Seine Frau habe die Angehörigen sogar kritisiert: Diese würden „den Preis hochtreiben“, weil sie mit der Presse sprächen. Kalderon sagt dazu: „Wenn sie denken, dass nicht jeder Preis gerechtfertigt ist, um die Geiseln zurückzubringen, dann fehlen mir dafür einfach die Worte.“
„Es ist an der Zeit für Israel, Stärke zu zeigen“
Diese Frage ist es, die die Israelis spaltet – auch wenn Umfragen zufolge etwa siebzig Prozent der Bevölkerung für einen Geiseldeal sind. Zvika Mor gehört zu denjenigen, die das ablehnen. Der 48 Jahre alte Israeli lebt seit 25 Jahren in der Siedlung Kiryat Arba in Hebron. Er hat acht Kinder, der 24 Jahre alte Eitan ist sein ältester Sohn.

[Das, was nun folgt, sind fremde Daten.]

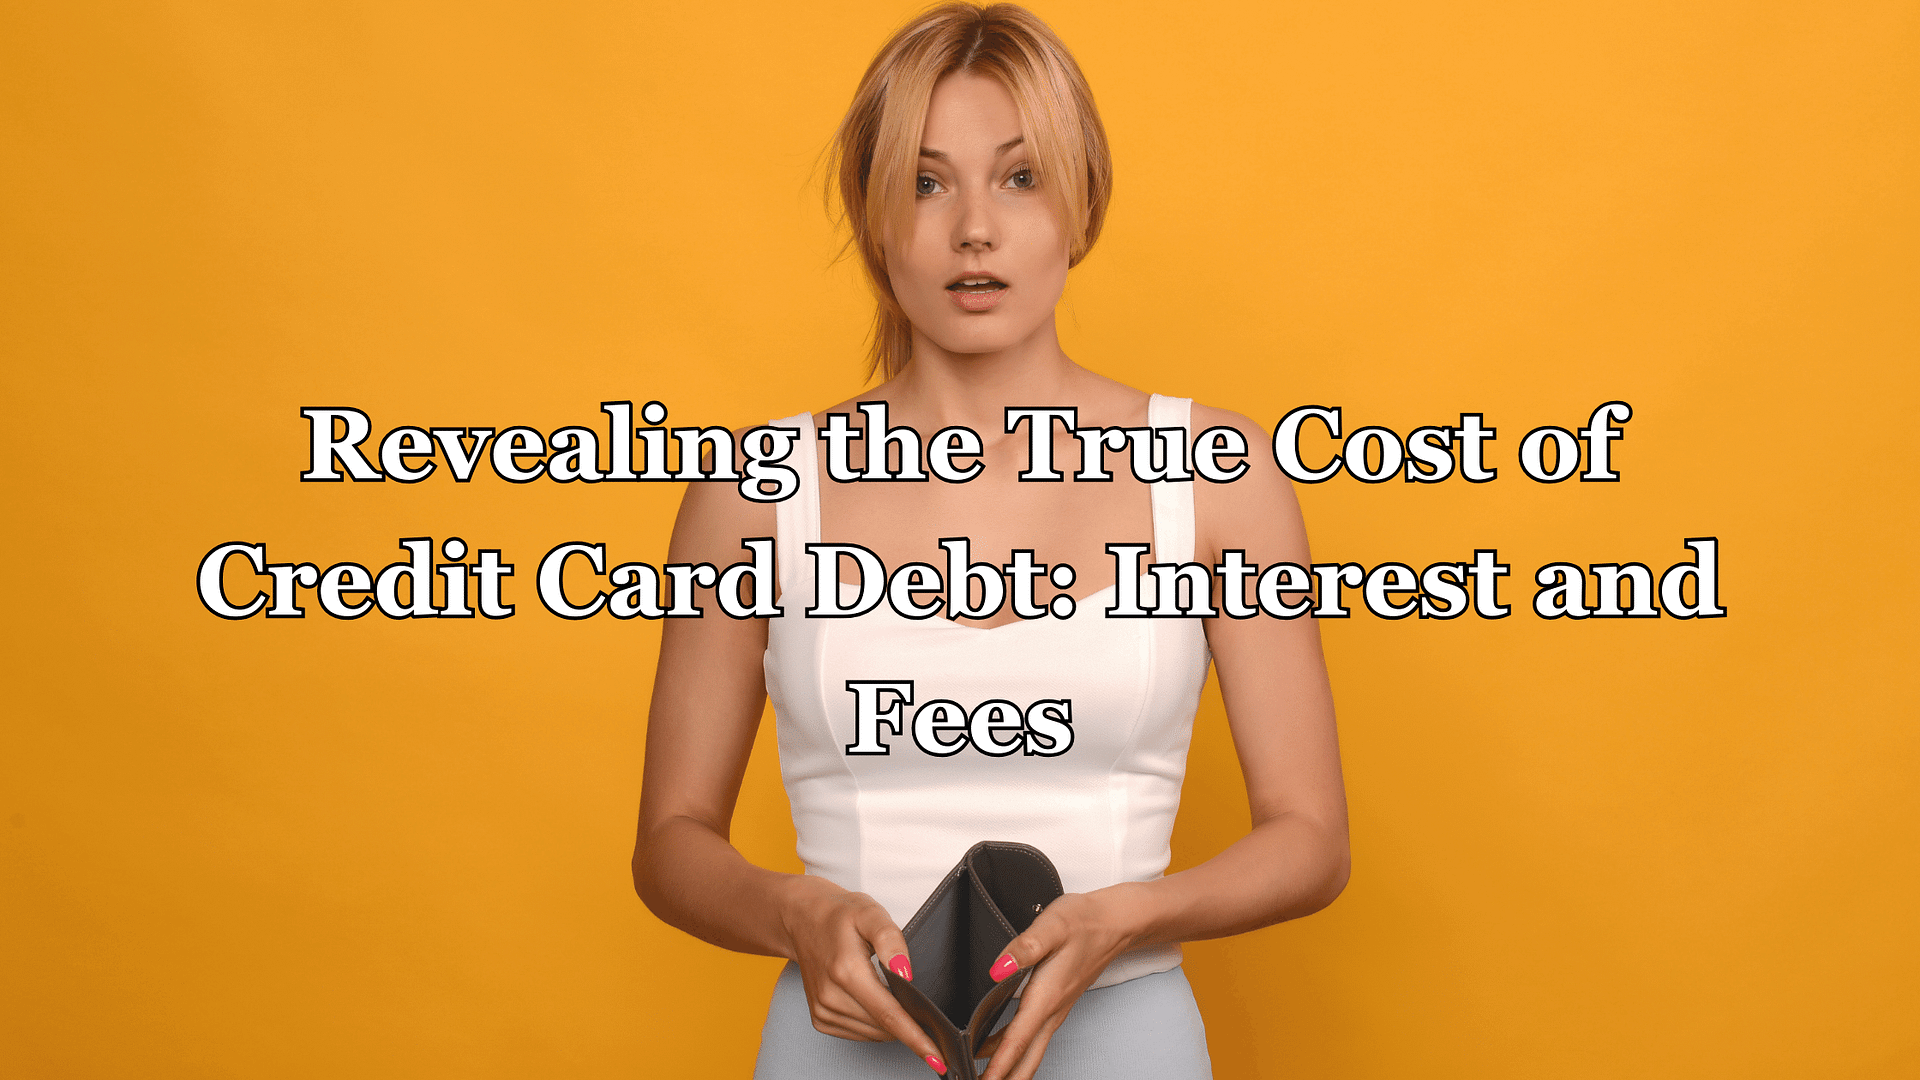 Revealing the True Cost of Credit Card Debt: Interest and Fees

Er war als Wachmann auf dem Supernova-Festival gewesen und wurde erst gegen Mittag in den Gazastreifen verschleppt. Die Familie sei „sehr stolz“ auf Eitan, sagt Zvika Mor. Er hätte fliehen können, half aber stattdessen stundenlang anderen. „Das ist die Erziehung in unserer Familie.“ Auch nach der Entführung hätten sie beschlossen, „stark und fröhlich und optimistisch“ zu bleiben.
Im Herbst gründete Mor das Tikvah-Forum – übersetzt „Hoffnung“. Auch er war mit dem Familienforum nicht zufrieden. „Sie haben uns nicht mit unserer ureigenen Stimme sprechen lassen.“ Mors Stimme, das ist die Stimme derjenigen, die glauben, dass der beste Weg zur Rückkehr der Geiseln militärischer Druck ist. Die Kernbotschaft des Tikvah-Forums lautet: „Wir finden nicht, dass den Terroristen irgendein Preis gezahlt werden sollte.“ Er wolle, dass Eitan „die letzte Geisel in der jüdischen Geschichte ist“, sagt Mor. Dafür müsse man Stärke gegenüber der Hamas zeigen und sie vernichten.
Drei Familien haben das Tikvah-Forum im November gegründet. Inzwischen hätten sich aber etwa dreißig Geiselfamilien der Gruppe angeschlossen, sagt Mor – „aus dem ganzen Land, religiöse und säkulare“. Von anderen Geiselangehörigen wird diese Behauptung bezweifelt. Unstrittig ist, dass die Familien aus dem Tikvah-Forum einen besseren Zugang zu Netanjahu haben als die meisten anderen – der Ministerpräsident wurde lange Zeit dafür kritisiert, dass er sich nicht oder nicht oft genug mit Geiselfamilien treffe.
Zvika Mor sagt, es sei an der Zeit für Israel, Stärke zu zeigen. „Wir sind auf dem Weg, alle Kriegsziele zu erreichen – aber es braucht Zeit.“ Mit Blick auf die Kritik anderer Angehöriger, dass die Geiseln keine Zeit hätten, sagt Mor: „Unserer Meinung nach geht es um das Leben von mehr als neun Millionen Israelis.“
Ihr Wohlergehen müsse sichergestellt werden – selbst wenn das auf Kosten des Wohlergehens der Geiseln gehe. Mor gibt sich aber sicher, dass es das Leben der Geiseln nicht gefähren werde, wenn Israel den Druck erhöhe. Die Hamas werde aufgeben. Und Eitan werde zurückkehren.